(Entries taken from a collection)

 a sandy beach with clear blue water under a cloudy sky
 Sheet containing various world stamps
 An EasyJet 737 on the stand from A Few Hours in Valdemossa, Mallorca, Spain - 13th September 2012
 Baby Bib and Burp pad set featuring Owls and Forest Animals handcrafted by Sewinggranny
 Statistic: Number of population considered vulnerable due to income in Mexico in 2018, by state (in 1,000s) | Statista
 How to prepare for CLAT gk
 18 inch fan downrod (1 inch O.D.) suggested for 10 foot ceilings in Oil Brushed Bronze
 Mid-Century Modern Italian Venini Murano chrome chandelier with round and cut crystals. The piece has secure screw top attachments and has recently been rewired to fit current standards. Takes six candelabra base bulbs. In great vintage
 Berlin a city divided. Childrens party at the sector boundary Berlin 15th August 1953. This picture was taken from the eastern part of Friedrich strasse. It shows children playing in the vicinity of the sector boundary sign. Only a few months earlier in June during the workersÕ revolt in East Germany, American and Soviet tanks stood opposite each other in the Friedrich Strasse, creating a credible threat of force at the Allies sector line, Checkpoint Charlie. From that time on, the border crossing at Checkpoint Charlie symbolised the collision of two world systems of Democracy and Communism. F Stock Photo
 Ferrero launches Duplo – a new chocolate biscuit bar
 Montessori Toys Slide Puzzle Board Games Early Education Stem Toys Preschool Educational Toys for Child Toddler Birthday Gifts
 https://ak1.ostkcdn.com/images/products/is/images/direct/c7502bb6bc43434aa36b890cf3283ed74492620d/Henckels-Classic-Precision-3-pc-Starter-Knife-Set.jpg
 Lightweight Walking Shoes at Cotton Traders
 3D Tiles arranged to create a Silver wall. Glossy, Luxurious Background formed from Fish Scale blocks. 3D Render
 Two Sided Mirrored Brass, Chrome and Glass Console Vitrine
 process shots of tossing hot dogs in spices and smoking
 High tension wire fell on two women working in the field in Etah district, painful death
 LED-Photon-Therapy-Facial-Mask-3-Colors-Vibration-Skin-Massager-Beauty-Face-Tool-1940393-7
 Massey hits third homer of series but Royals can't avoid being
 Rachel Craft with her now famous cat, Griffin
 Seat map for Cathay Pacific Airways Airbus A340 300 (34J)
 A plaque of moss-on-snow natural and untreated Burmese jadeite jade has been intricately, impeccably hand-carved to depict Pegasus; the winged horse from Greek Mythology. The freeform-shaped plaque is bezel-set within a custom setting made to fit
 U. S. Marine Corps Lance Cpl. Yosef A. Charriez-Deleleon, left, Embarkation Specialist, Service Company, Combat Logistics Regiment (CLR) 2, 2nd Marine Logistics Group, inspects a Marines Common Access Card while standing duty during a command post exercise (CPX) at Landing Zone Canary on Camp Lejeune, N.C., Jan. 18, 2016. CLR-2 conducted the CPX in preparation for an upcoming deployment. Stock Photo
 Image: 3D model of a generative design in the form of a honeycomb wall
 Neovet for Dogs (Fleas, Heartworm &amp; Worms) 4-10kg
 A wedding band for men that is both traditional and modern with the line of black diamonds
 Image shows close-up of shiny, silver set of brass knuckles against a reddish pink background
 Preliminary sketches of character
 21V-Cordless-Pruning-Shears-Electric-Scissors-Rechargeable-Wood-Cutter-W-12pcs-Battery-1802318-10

■ **TASK DESCRIPTION**:
Among the lines above, find those holding "that" and copy each one.

■ **SOLUTION**:
 Berlin a city divided. Childrens party at the sector boundary Berlin 15th August 1953. This picture was taken from the eastern part of Friedrich strasse. It shows children playing in the vicinity of the sector boundary sign. Only a few months earlier in June during the workersÕ revolt in East Germany, American and Soviet tanks stood opposite each other in the Friedrich Strasse, creating a credible threat of force at the Allies sector line, Checkpoint Charlie. From that time on, the border crossing at Checkpoint Charlie symbolised the collision of two world systems of Democracy and Communism. F Stock Photo
 A wedding band for men that is both traditional and modern with the line of black diamonds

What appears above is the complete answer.